The data below holds the lines to copy: everything from the line containing "44 Real Madrid" to the line containing "The plant variegation", both ends included, set down exactly.

* Record excerpts
----
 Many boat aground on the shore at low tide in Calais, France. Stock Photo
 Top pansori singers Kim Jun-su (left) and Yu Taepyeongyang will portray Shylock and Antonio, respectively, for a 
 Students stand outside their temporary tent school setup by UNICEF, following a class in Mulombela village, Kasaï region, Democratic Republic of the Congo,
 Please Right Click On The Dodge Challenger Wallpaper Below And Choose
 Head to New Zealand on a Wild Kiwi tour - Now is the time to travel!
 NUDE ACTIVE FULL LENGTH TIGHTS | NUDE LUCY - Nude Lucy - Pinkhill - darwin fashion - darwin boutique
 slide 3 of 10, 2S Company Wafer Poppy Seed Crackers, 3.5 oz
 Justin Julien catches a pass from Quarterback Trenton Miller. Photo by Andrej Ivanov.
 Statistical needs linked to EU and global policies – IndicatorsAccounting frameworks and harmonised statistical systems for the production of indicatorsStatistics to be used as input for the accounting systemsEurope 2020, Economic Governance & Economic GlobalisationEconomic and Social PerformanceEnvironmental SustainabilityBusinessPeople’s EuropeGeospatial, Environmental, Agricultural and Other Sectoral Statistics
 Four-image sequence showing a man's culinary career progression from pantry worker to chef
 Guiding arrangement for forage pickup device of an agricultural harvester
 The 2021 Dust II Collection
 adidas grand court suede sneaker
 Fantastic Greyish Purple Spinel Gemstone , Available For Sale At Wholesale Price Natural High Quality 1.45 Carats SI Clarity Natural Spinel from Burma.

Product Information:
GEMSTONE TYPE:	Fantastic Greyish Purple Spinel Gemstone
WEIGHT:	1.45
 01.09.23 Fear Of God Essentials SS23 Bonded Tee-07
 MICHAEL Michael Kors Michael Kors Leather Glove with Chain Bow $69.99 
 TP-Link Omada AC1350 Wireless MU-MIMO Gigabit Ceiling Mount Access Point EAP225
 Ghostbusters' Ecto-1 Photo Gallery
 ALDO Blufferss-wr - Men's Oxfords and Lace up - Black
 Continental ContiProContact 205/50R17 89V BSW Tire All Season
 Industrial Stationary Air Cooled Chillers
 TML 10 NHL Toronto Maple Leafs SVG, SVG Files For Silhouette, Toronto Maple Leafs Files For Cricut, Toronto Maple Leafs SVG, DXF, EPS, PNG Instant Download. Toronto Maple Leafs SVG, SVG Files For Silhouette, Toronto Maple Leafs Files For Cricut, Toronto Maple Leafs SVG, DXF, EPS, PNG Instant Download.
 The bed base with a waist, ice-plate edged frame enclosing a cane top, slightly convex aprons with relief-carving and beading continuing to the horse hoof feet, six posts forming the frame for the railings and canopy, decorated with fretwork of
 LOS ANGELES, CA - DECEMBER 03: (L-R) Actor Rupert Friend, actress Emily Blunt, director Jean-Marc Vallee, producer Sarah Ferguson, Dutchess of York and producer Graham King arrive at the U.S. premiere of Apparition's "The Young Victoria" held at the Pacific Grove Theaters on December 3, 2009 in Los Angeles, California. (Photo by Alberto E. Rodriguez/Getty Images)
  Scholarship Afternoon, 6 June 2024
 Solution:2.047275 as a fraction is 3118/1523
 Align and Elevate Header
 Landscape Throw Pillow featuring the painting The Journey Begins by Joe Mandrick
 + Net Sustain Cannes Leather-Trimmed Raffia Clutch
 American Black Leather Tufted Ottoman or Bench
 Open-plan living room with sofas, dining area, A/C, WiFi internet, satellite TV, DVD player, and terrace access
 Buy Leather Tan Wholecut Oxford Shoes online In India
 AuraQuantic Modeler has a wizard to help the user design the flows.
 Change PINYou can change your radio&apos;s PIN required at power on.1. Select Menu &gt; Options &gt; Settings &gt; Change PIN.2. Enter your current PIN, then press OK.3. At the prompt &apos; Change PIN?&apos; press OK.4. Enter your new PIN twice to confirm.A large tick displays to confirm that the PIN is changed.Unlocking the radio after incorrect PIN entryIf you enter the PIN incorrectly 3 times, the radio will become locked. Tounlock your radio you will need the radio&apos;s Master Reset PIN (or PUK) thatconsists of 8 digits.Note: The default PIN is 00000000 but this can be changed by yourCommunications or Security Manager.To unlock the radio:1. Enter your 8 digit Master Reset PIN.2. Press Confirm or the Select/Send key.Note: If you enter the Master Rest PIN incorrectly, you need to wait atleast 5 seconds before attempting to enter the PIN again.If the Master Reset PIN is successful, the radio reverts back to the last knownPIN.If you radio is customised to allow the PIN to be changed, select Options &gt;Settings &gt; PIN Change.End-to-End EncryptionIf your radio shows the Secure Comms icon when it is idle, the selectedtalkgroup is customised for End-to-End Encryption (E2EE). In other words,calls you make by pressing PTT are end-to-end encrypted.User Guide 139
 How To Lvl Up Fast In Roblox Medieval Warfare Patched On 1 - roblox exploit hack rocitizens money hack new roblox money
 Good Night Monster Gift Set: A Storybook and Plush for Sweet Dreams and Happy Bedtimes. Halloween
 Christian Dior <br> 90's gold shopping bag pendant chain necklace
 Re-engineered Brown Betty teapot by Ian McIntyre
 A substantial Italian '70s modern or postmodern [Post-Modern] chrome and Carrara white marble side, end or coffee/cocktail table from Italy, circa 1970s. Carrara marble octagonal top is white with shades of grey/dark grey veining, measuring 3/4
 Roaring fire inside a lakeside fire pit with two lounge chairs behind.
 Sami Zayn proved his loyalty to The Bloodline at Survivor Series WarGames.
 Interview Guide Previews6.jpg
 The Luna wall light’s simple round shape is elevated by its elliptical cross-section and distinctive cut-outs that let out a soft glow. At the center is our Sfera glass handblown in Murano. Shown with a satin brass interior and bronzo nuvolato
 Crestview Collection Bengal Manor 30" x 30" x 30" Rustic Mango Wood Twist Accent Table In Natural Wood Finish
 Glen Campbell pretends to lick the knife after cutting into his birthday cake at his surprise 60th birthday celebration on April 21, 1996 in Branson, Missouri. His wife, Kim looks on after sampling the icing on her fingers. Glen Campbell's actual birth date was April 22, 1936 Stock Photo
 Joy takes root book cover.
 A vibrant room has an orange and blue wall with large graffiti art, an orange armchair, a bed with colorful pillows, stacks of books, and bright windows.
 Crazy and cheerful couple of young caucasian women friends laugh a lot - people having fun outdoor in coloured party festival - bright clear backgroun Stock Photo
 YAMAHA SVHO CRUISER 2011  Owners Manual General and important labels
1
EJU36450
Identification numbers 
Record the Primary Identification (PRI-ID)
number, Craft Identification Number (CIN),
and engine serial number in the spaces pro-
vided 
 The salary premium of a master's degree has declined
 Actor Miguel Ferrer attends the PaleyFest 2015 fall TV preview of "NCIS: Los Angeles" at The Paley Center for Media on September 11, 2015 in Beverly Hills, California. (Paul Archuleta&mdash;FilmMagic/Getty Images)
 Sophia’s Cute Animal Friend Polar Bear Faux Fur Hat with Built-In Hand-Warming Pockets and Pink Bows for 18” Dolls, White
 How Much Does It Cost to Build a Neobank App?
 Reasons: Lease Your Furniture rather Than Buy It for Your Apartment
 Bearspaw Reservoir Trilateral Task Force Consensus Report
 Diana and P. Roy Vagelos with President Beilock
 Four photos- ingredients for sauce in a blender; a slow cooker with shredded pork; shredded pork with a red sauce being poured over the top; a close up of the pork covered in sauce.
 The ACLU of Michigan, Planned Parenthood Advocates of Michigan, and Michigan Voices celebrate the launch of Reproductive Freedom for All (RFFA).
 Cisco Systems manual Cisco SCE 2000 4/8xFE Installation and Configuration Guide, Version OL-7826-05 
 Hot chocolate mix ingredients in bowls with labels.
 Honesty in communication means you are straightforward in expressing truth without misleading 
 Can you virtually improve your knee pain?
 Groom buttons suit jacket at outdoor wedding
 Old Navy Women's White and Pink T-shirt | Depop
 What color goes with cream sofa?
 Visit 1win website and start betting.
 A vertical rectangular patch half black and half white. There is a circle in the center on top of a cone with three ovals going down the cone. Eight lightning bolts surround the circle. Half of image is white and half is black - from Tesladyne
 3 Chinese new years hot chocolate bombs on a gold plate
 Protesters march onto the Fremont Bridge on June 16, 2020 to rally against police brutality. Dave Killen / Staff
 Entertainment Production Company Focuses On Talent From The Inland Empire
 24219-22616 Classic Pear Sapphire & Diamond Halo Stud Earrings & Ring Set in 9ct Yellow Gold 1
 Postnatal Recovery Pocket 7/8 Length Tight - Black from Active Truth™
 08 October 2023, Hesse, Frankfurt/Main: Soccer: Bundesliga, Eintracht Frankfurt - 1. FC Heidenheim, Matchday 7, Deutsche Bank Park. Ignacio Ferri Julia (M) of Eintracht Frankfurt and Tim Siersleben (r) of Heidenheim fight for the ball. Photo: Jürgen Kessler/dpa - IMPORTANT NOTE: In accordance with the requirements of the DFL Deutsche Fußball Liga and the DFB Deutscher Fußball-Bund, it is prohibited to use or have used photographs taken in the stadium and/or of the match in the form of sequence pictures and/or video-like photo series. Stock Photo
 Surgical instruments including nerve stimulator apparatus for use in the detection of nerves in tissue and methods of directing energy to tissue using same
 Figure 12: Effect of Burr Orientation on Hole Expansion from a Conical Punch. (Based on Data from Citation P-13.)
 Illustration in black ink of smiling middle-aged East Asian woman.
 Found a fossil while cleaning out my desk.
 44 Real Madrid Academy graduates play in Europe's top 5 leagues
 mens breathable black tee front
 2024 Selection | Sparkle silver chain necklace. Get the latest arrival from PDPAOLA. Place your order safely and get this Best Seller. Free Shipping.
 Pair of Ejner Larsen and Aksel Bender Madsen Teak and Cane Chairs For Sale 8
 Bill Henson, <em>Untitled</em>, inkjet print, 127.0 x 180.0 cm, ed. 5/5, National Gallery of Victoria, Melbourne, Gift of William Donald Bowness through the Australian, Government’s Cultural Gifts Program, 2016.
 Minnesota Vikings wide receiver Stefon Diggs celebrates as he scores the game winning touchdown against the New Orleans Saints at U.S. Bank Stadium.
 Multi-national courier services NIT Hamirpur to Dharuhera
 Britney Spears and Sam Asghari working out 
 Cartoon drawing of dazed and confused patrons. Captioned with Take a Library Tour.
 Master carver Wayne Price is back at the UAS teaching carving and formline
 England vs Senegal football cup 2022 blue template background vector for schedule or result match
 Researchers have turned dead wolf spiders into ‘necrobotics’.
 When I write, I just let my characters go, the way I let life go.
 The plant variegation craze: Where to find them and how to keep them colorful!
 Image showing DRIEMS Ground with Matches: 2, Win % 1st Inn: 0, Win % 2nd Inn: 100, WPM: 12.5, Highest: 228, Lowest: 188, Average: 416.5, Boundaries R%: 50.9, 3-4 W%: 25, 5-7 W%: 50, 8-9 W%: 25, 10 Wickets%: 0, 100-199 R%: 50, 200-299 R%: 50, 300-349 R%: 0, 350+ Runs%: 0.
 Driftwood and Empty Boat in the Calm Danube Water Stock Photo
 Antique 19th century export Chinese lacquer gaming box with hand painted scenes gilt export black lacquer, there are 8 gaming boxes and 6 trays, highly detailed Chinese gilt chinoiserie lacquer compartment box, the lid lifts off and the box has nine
----
* Completed exercise
 44 Real Madrid Academy graduates play in Europe's top 5 leagues
 mens breathable black tee front
 2024 Selection | Sparkle silver chain necklace. Get the latest arrival from PDPAOLA. Place your order safely and get this Best Seller. Free Shipping.
 Pair of Ejner Larsen and Aksel Bender Madsen Teak and Cane Chairs For Sale 8
 Bill Henson, <em>Untitled</em>, inkjet print, 127.0 x 180.0 cm, ed. 5/5, National Gallery of Victoria, Melbourne, Gift of William Donald Bowness through the Australian, Government’s Cultural Gifts Program, 2016.
 Minnesota Vikings wide receiver Stefon Diggs celebrates as he scores the game winning touchdown against the New Orleans Saints at U.S. Bank Stadium.
 Multi-national courier services NIT Hamirpur to Dharuhera
 Britney Spears and Sam Asghari working out 
 Cartoon drawing of dazed and confused patrons. Captioned with Take a Library Tour.
 Master carver Wayne Price is back at the UAS teaching carving and formline
 England vs Senegal football cup 2022 blue template background vector for schedule or result match
 Researchers have turned dead wolf spiders into ‘necrobotics’.
 When I write, I just let my characters go, the way I let life go.
 The plant variegation craze: Where to find them and how to keep them colorful!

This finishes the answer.